Releases: amd/blis
Releases · amd/blis
AOCL-BLAS 5.0
AOCL-BLAS 5.0 Release Highlights
- Added zen5 support
- Turin specific tuning for the APIs: D/ZGEMM, DTRSM and DNRM2
- AVX512 made improvements for the APIs: ZGEMV, D/ZAXPYF, D/ZDOTXF, ZDOTV, C/ZSCALV, DNRM2, S/D/ZCOPY, S/D/C/ZAXPBYV, DTRSV, DGEMMT, D/ZTRSM, and D/ZGEMM
- Improvements to the AOCL_ENABLE_INSTRUCTIONS functionality
- Additional APIs and Post-Ops support in addition to the improved performance for the existing APIs in aocl_gemm add-on
AOCL-BLAS 4.2
AOCL-BLAS 4.2 Release Highlights
- Added uint8 output and zero-point support in int8 API’s in aocl_gemm addon (Low Precision GEMM / LPGEMM)
- Improved performance for all downscaled versions of all API’s in aocl_gemm addon (Low Precision GEMM / LPGEMM)
- Multithread performance improved across API’s in aocl_gemm addon (Low Precision GEMM / LPGEMM)
- Introduced AOCL_ENABLE_INSTRUCTIONS environment variable as an alternative to BLIS_ARCH_TYPE, but with slightly different semantics.
- Improved functionality of XERBLA error handling routine in AOCL-BLAS.
- Performance optimizations for the following APIs:
- DGEMM for tiny sizes
- S/ZGEMM, D/ZTRSM, ZAXPBYV, Z/ZDSCALV, S/D/ZGEMV, and D/DZNRM2 - Following BLAS extension APIs have been added only for AMD “Zen” code paths:
- sgemm_pack_get_size(), sgemm_pack(), and sgemm_compute()
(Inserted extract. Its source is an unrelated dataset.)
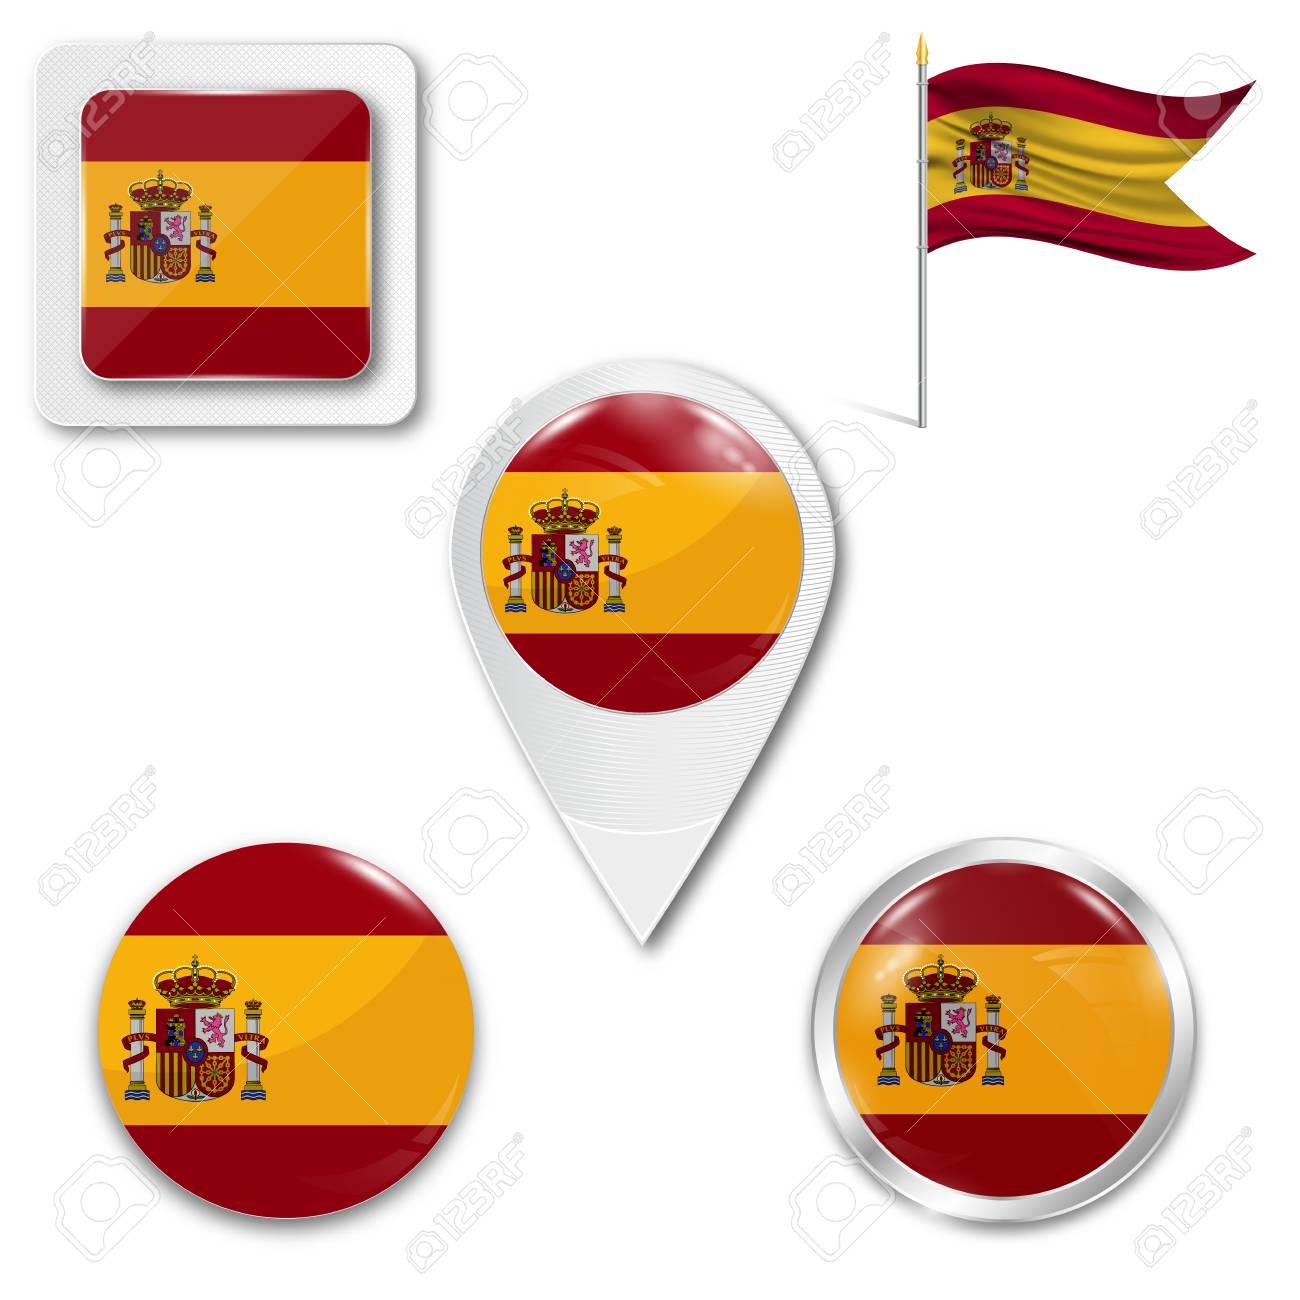 6a5893624e632 Conjunto de iconos de la bandera nacional de España en diferentes diseños  sobre un fondo blanco

- dgemm_pack_get_size(), dgemm_pack(), and dgemm_compute()
AOCL-BLAS 4.1
AOCL-BLAS 4.1 Release Highlights
- Additional APIs and Post-Ops support in addition to the improved performance for the existing APIs in aocl_gemm add-on
- Dynamic dispatch and amdzen configuration support added to aocl_gemm add-on
- Dynamic dispatch feature enhancements.
- AVX 512-based optimizations for AMD “Zen4” platform:
- SGEMM, DGEMM, and ZGEMM
- DTRSM, D/ZAXPY, ZGEMV, DDOTV, and D/ZSCALV - Improved support for OpenMP nested parallelism.
AOCL-BLIS 4.0
Highlights of AOCL-BLIS 4.0
- The following LPGEMM (Low Precision GEMM) variants are added along with post-ops support:
- aocl_gemm_u8s8s32os32 and aocl_gemm_u8s8s32os8 routines are added and optimized using AVX-512-VNNI
- aocl_gemm_u8s8s16os16 and aocl_gemm_u8s8s16os8 routines are added and optimized using AVX2
- aocl_gemm_bf16bf16f32of32 and aocl_gemm_bf16bf16f32obf16 routines are added and optimized using AVX-512
- SGEMM with packed/reorder buffer support (aocl_gemm_f32f32f32f32)
- AMD “Zen4” support for BLIS
- Dynamic dispatch supports AMD “Zen4” configuration
- Optimizations and performance improvements for DGEMM, SGEMM, ZGEMM, DGEMMT, and DTRSM
- Framework design changes
AOCL-BLIS 3.2
New features:
- Extended BLAS function - DZGEMM
- Progress feature for xGEMM and xTRSM APIs: Time taken to complete the mathematical operations tends to increase exponentially with large input problem sizes; this feature provides users a periodic update on the operation progress.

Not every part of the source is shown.